- _Excerpted data_:
§

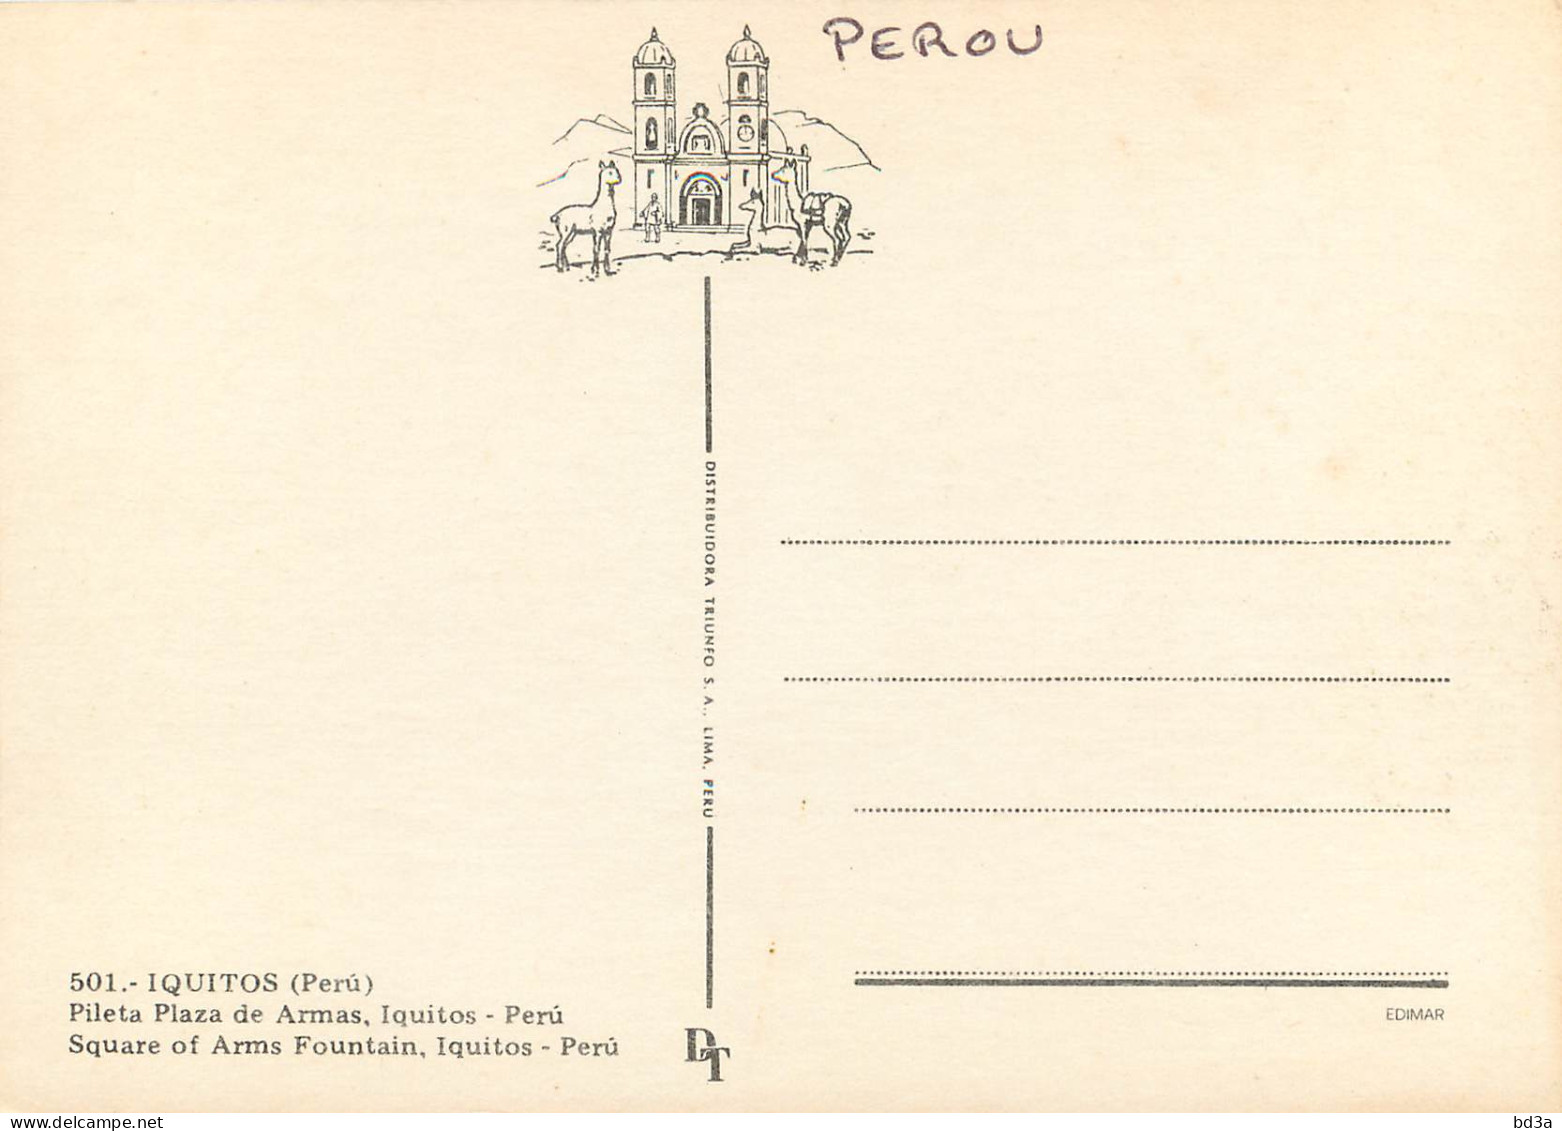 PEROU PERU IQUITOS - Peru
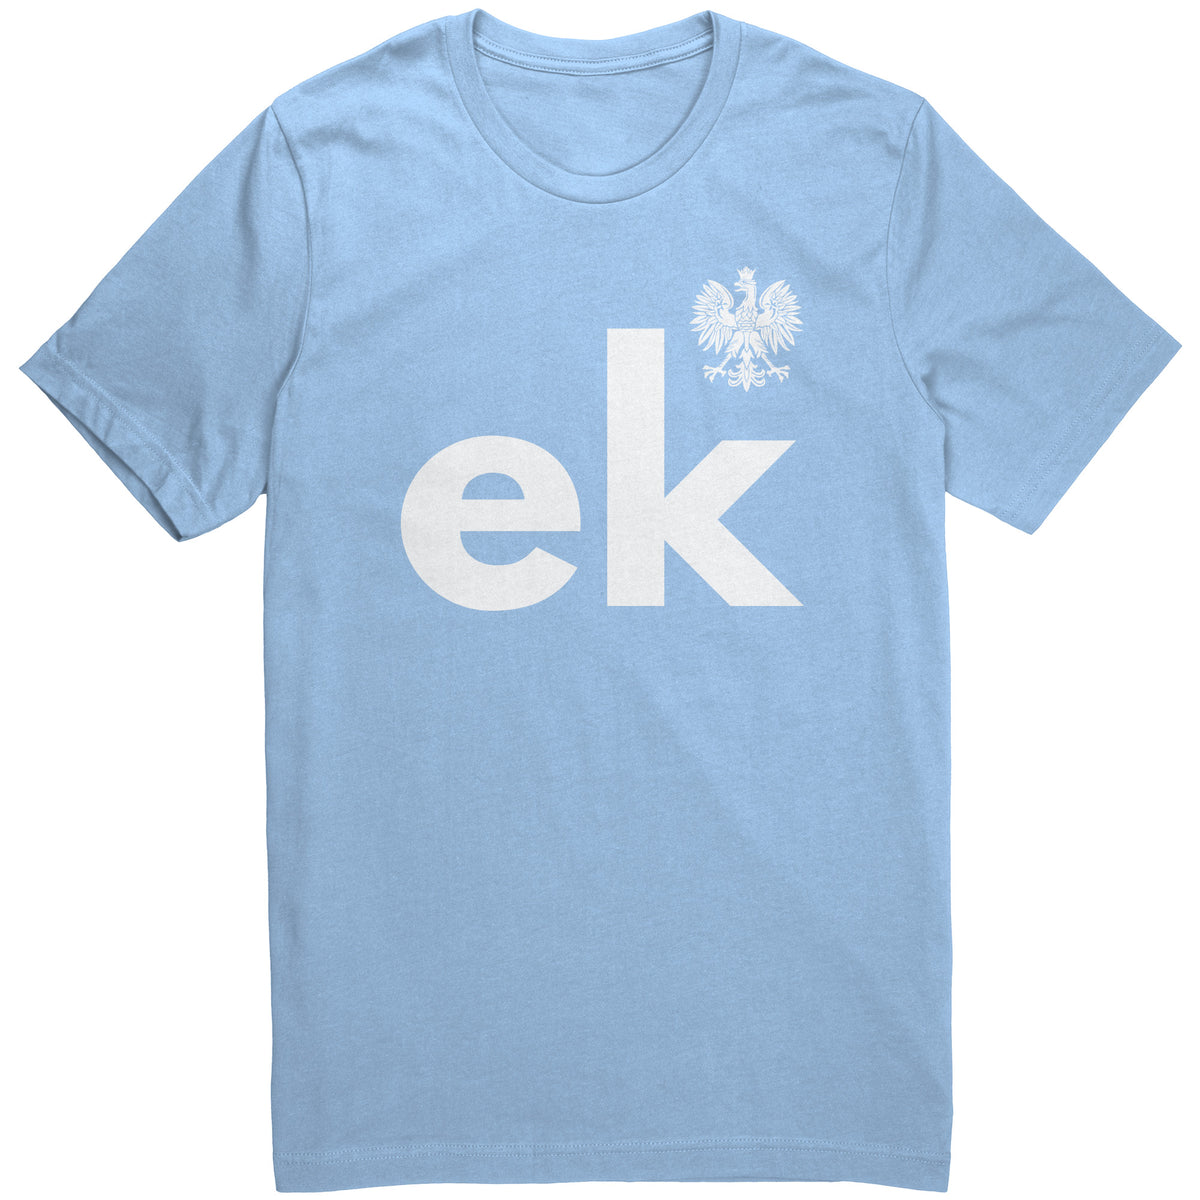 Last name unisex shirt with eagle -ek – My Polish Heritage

§

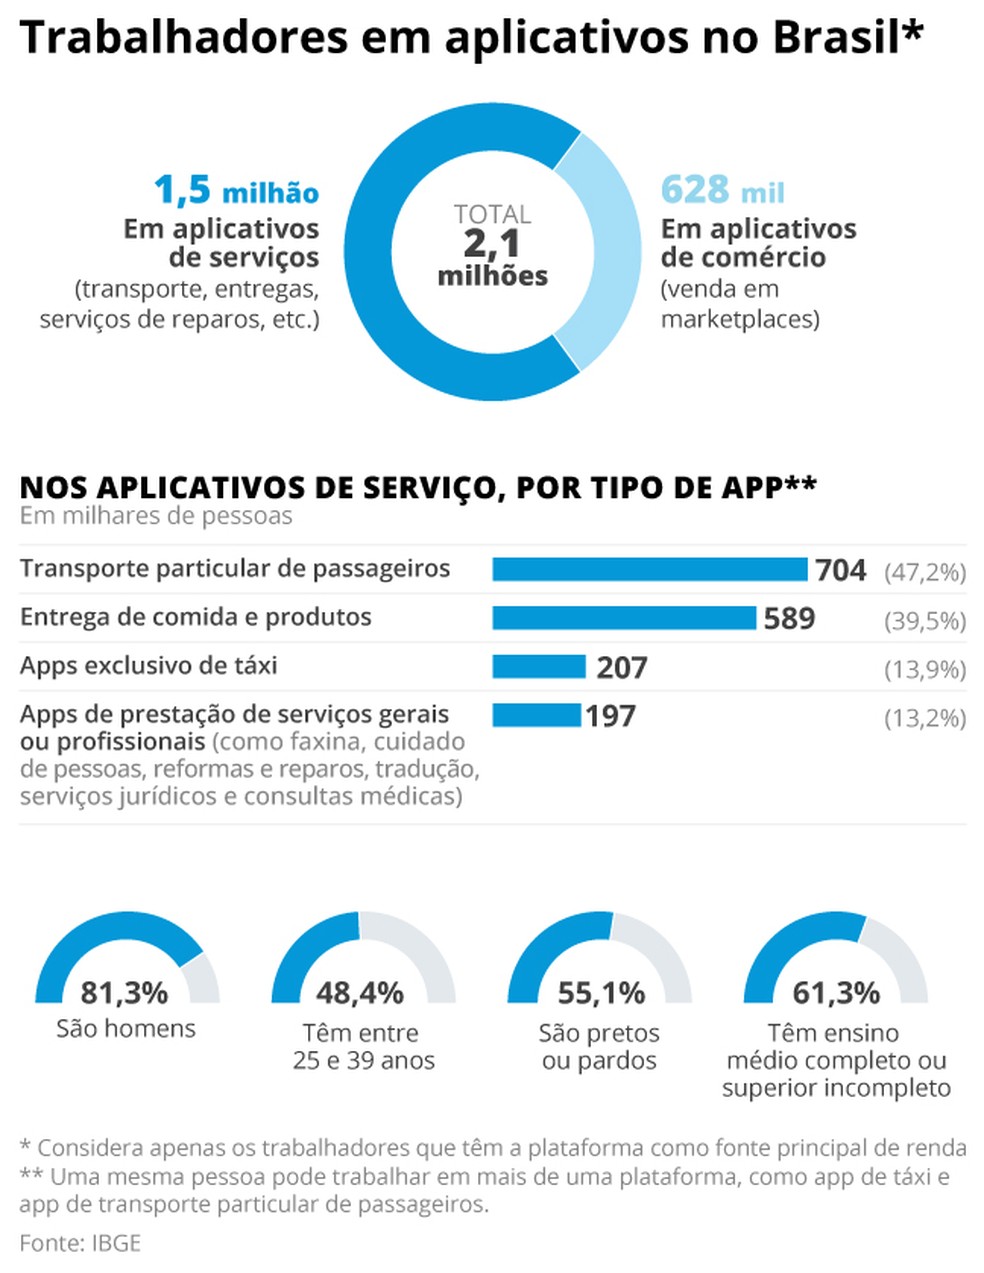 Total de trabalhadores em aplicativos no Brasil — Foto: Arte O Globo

§

- _Exercise aim_: Give exactly the lines above that run from the line with "PEROU PERU IQUITOS - Peru" to the line with "Last name unisex", both included, leaving every picture out.

- _Answer to this exercise_:
 PEROU PERU IQUITOS - Peru
 Last name unisex shirt with eagle -ek – My Polish Heritage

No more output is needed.